A ideia era passarem despercebidos e não ele estar ali gritando o nome do irmão.

Sam devia manter-se escondido, mas nada justificava que não atendesse ao celular. Que não respondesse a seus chamados. Numa caçada, comunicação rápida podia ser a diferença entre vida e morte.

Viu quando Sam iniciou a subida, embora não tenha acompanhado ele fazer todo o percurso. Combinaram que se falariam antes de Sam contatar Hale. Que Sam ligaria assim que estivesse posicionado. E, para isso, ele já tinha tido tempo mais do que o suficiente. Se fosse um problema com o celular, Sam já teria percebido. Ele teria aparecido na plataforma suspensa e feito algum sinal.

'Sam, o que está acontecendo? Porque não responde às chamadas?'

Ficava cada vez mais evidente que algo estava MUITO errado.

Dean se afasta e estica o pescoço tentando enxergar o interior da cabine de comando do guindaste. Inútil, o ângulo não ajudava. O guindaste era do tipo torre, com o típico perfil em T assimétrico. A cabine ficava a cerca de 15 m do solo, o equivalente a um prédio de 5 andares. Dean vai até à escada e olha para cima. Inspira fundo e expira devagar. Não era medo, apenas não se sentia confortável em lugares altos. Sem alternativa, inicia a longa subida. A escada de marinheiro balançava a cada movimento que fazia, forçando Dean a usar as duas mãos para subir. Gostaria de poder subir empunhando o revólver, mas acabaria levando o quádruplo do tempo. Ou caindo lá de cima. Deixaria para sacar a arma quando estivesse bem próximo à cabine.

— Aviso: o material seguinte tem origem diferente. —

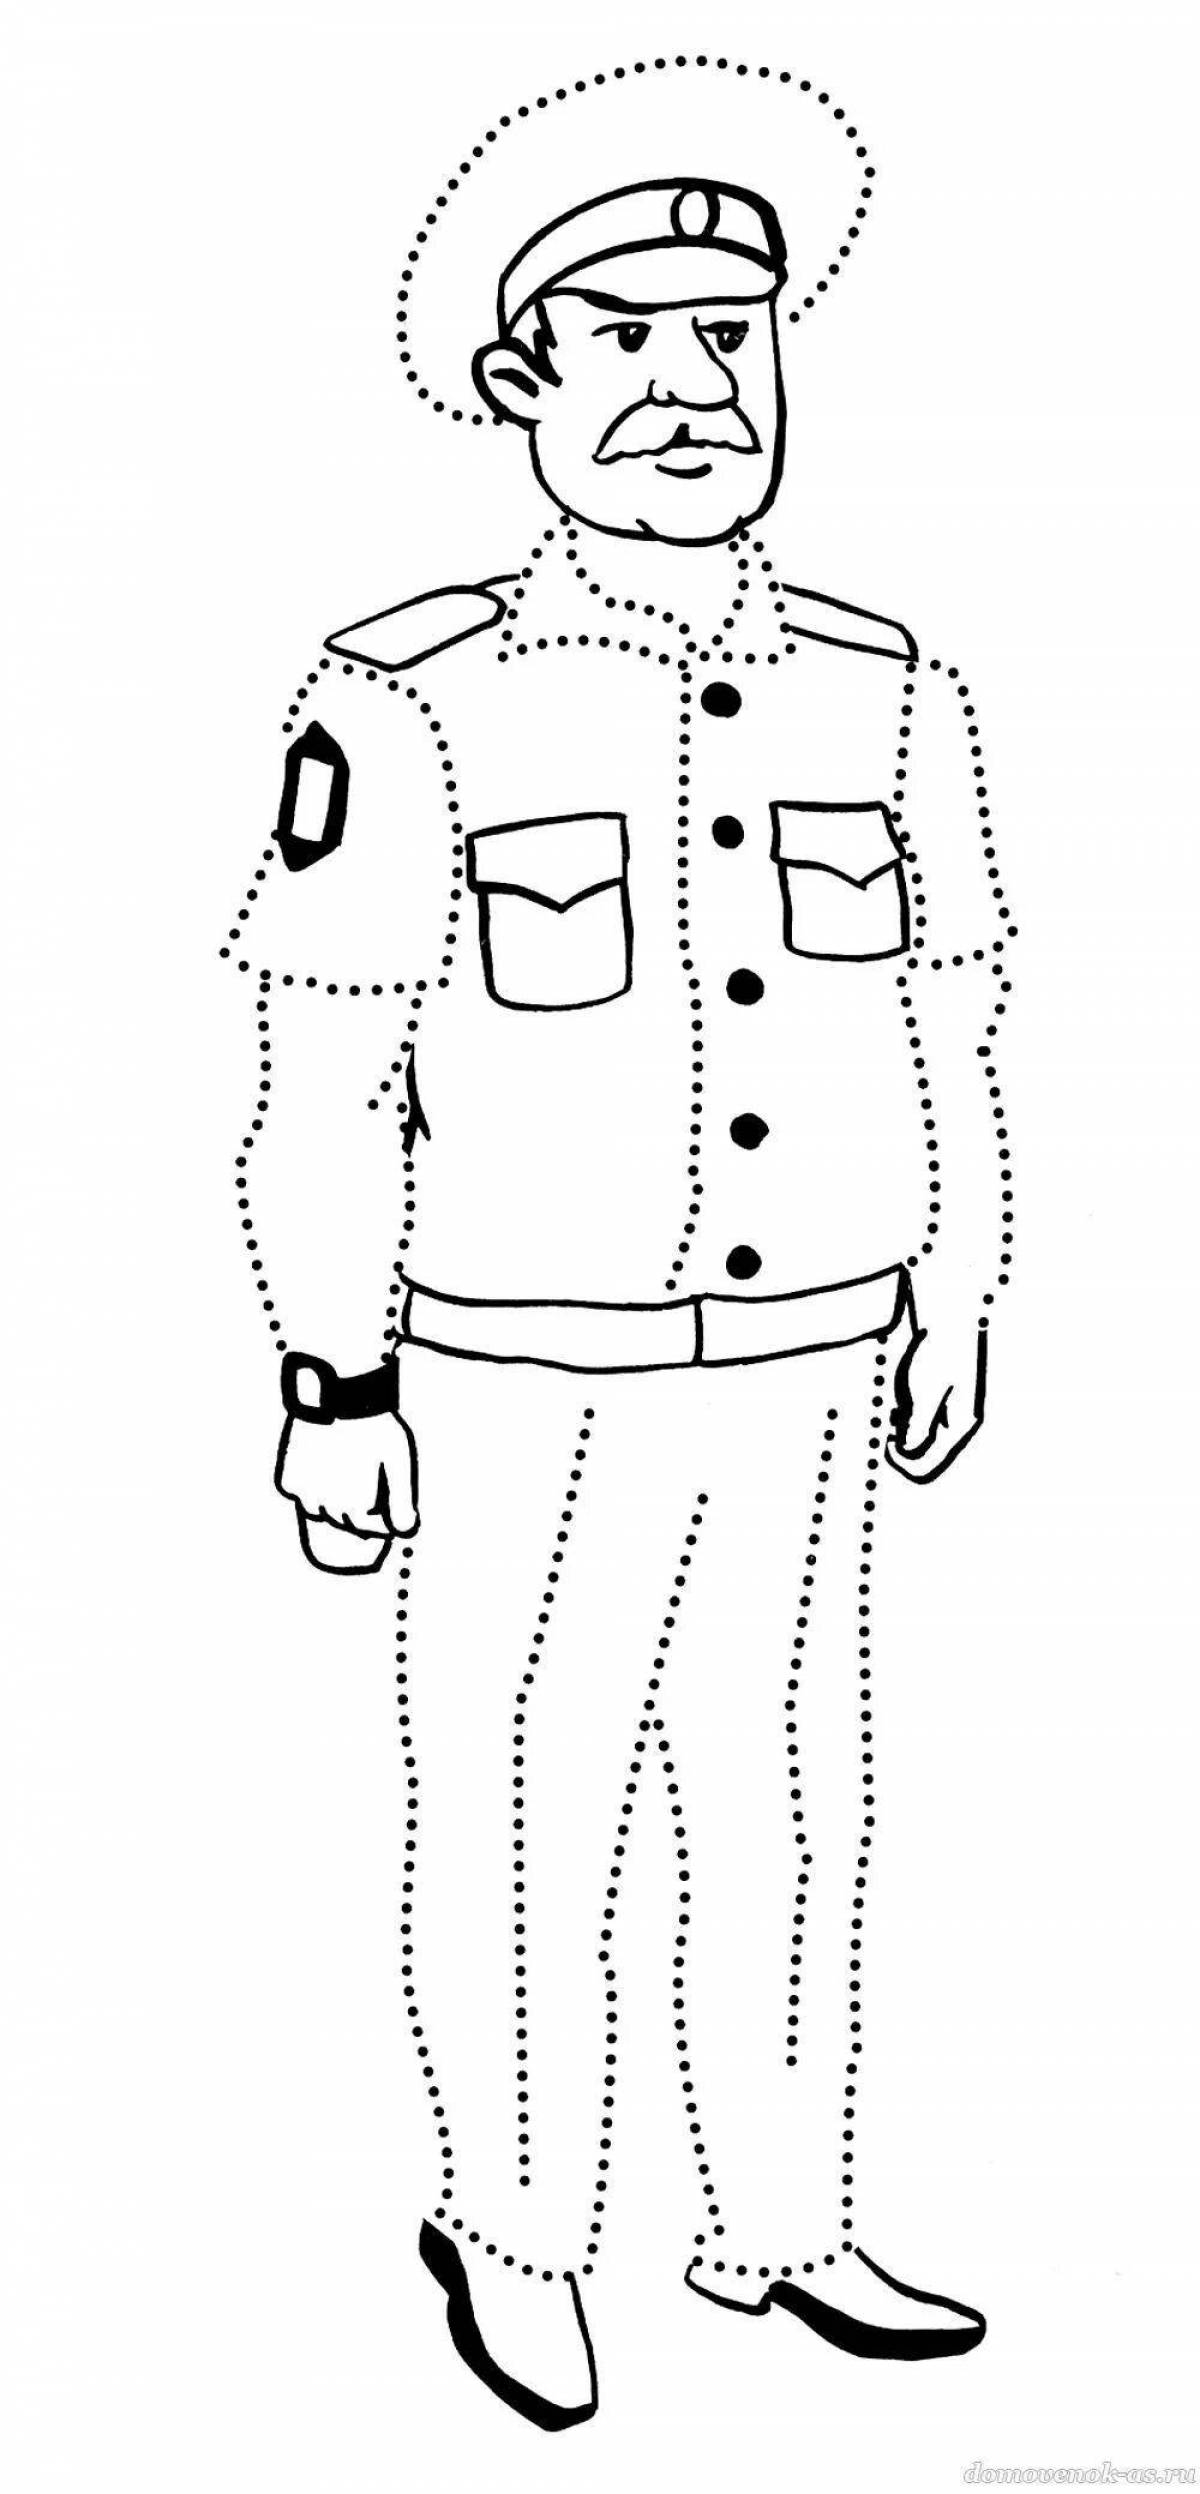 Coloring book playful police profession

Aquele era o trecho mais degradado do rio. Do cais, era impossível não sentir a mistura desagradável dos odores de matéria orgânica em decomposição e fumaça de óleo queimado vindos do rio. Era diferente ali em cima. Uma brisa suave trazia ar fresco e o cheiro bom da floresta.

De onde estava, tinha uma visão privilegiada do entorno. Ninguém à vista, à exceção do vigia desatento de um armazém afastado. Havia movimentação de caminhões num ponto distante dali, próximo à rodovia. Um carro seguindo solitário na direção da rodovia. O rio correndo silencioso. A vasta região de floresta no lado oposto do rio se estendendo até onde a vista alcançava. Luzes acesas denunciando as poucas construções existentes do outro lado no rio. A maioria delas concentrada no trecho diretamente em frente ao porto fluvial.

Era uma vista bonita. A noite faz tudo parecer mais bonito do que realmente é. O silêncio dava uma sensação enganosa de paz.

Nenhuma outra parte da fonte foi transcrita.